> _Raw data_

⁂

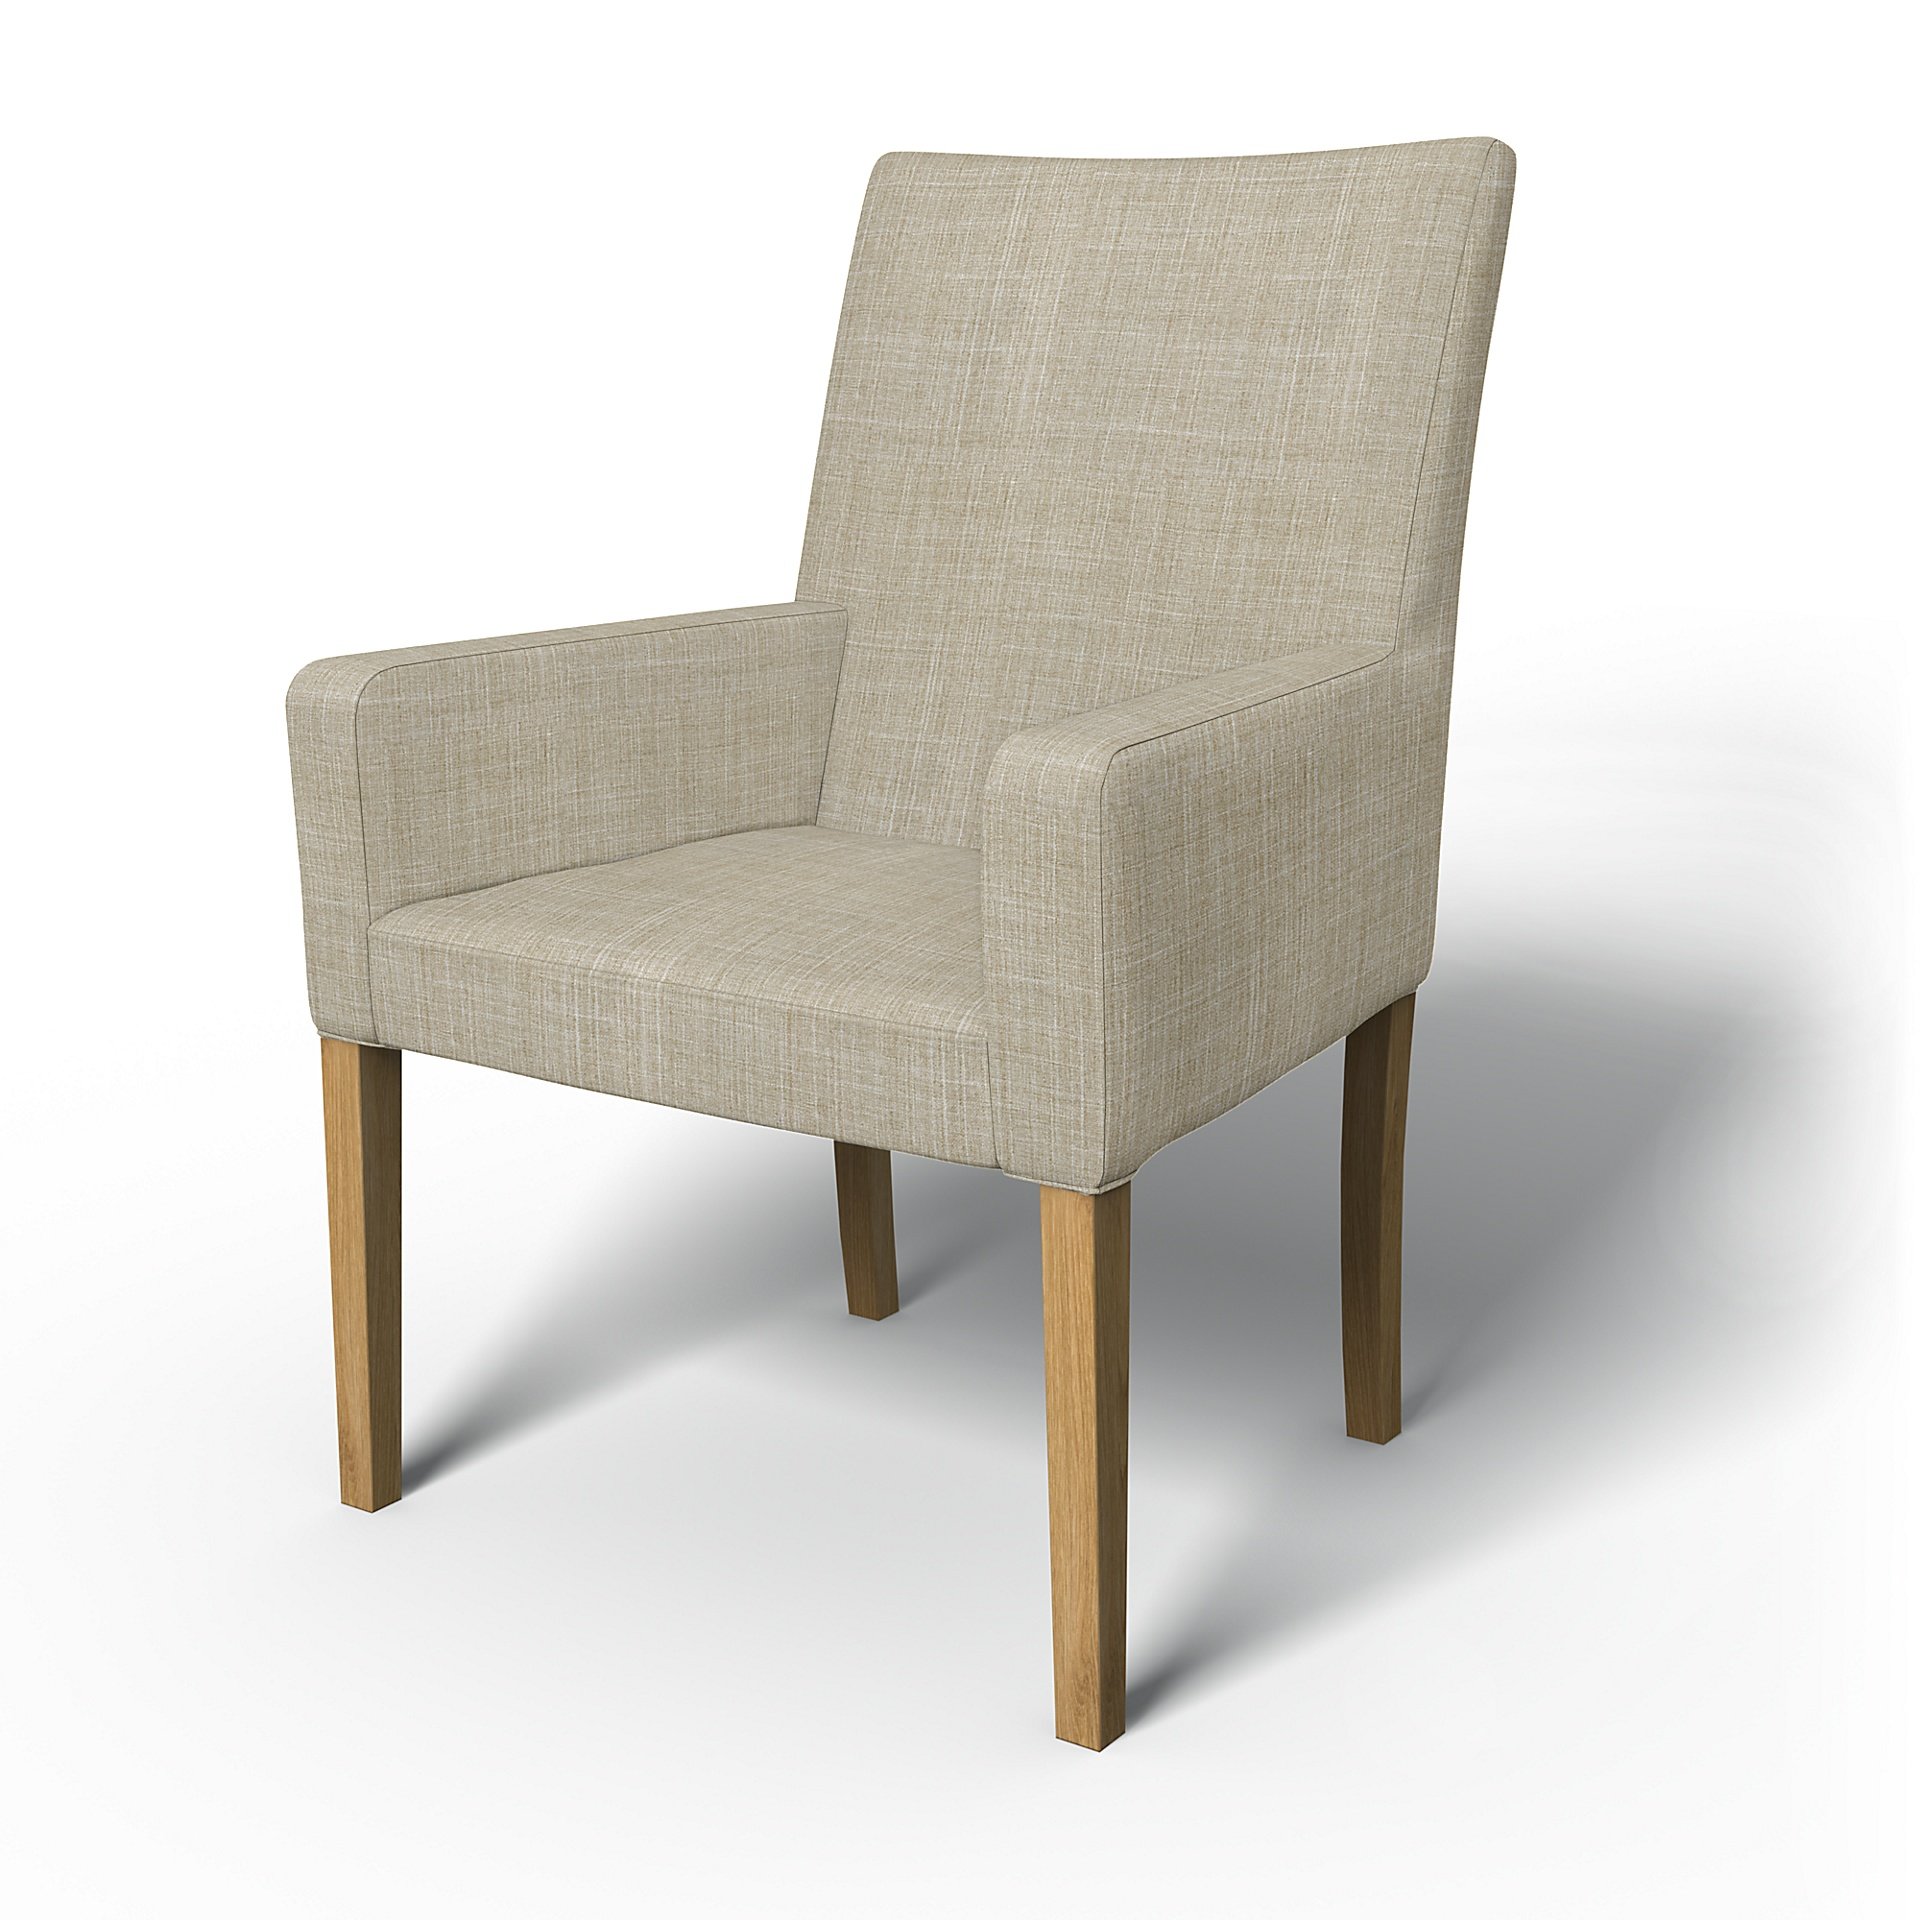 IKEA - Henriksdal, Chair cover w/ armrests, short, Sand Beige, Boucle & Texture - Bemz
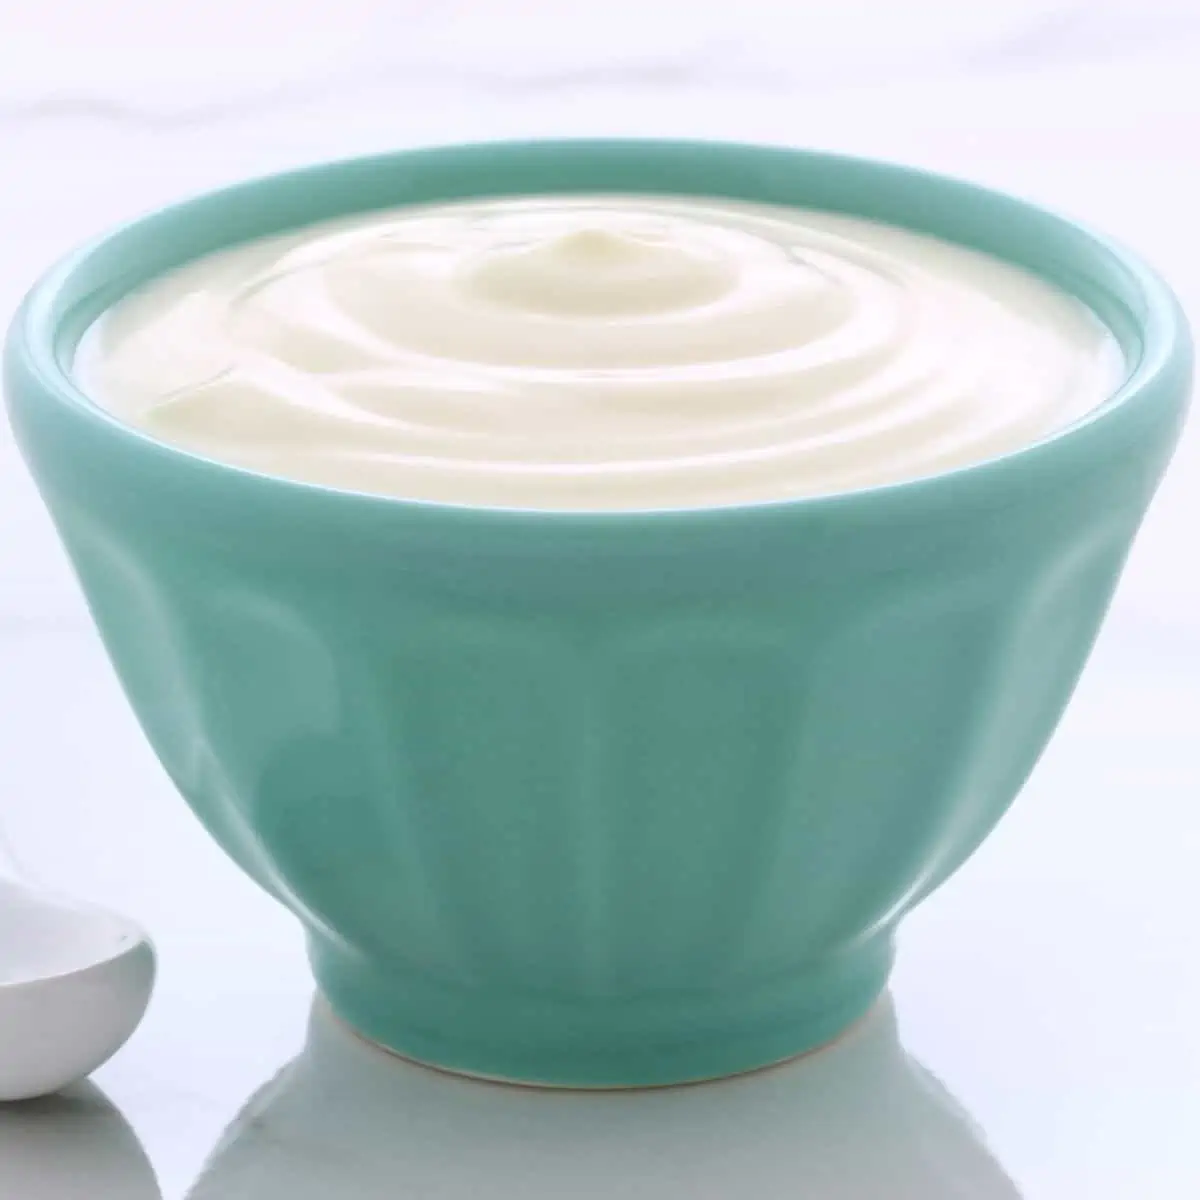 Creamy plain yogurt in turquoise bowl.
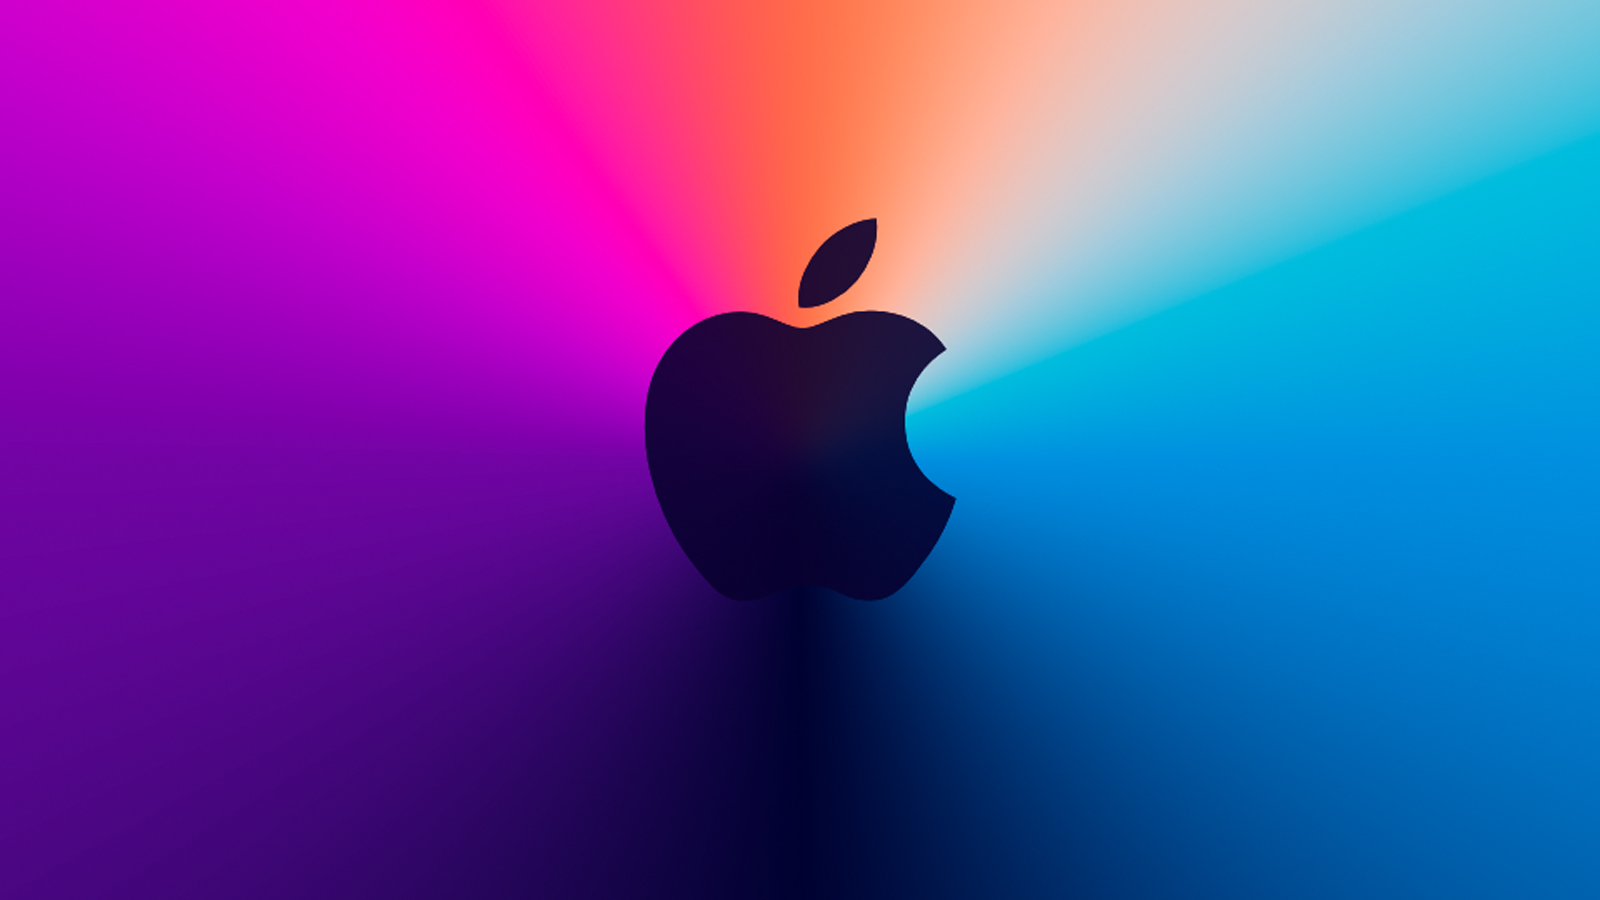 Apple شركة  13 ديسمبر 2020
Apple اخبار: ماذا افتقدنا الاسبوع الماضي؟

⁂

Your output should be the lines from the line containing "13 ديسمبر 2020" through the last line of the listing above, restated exactly, with no pictures among them.

> _Solution for this exercise_
 Apple شركة  13 ديسمبر 2020
Apple اخبار: ماذا افتقدنا الاسبوع الماضي؟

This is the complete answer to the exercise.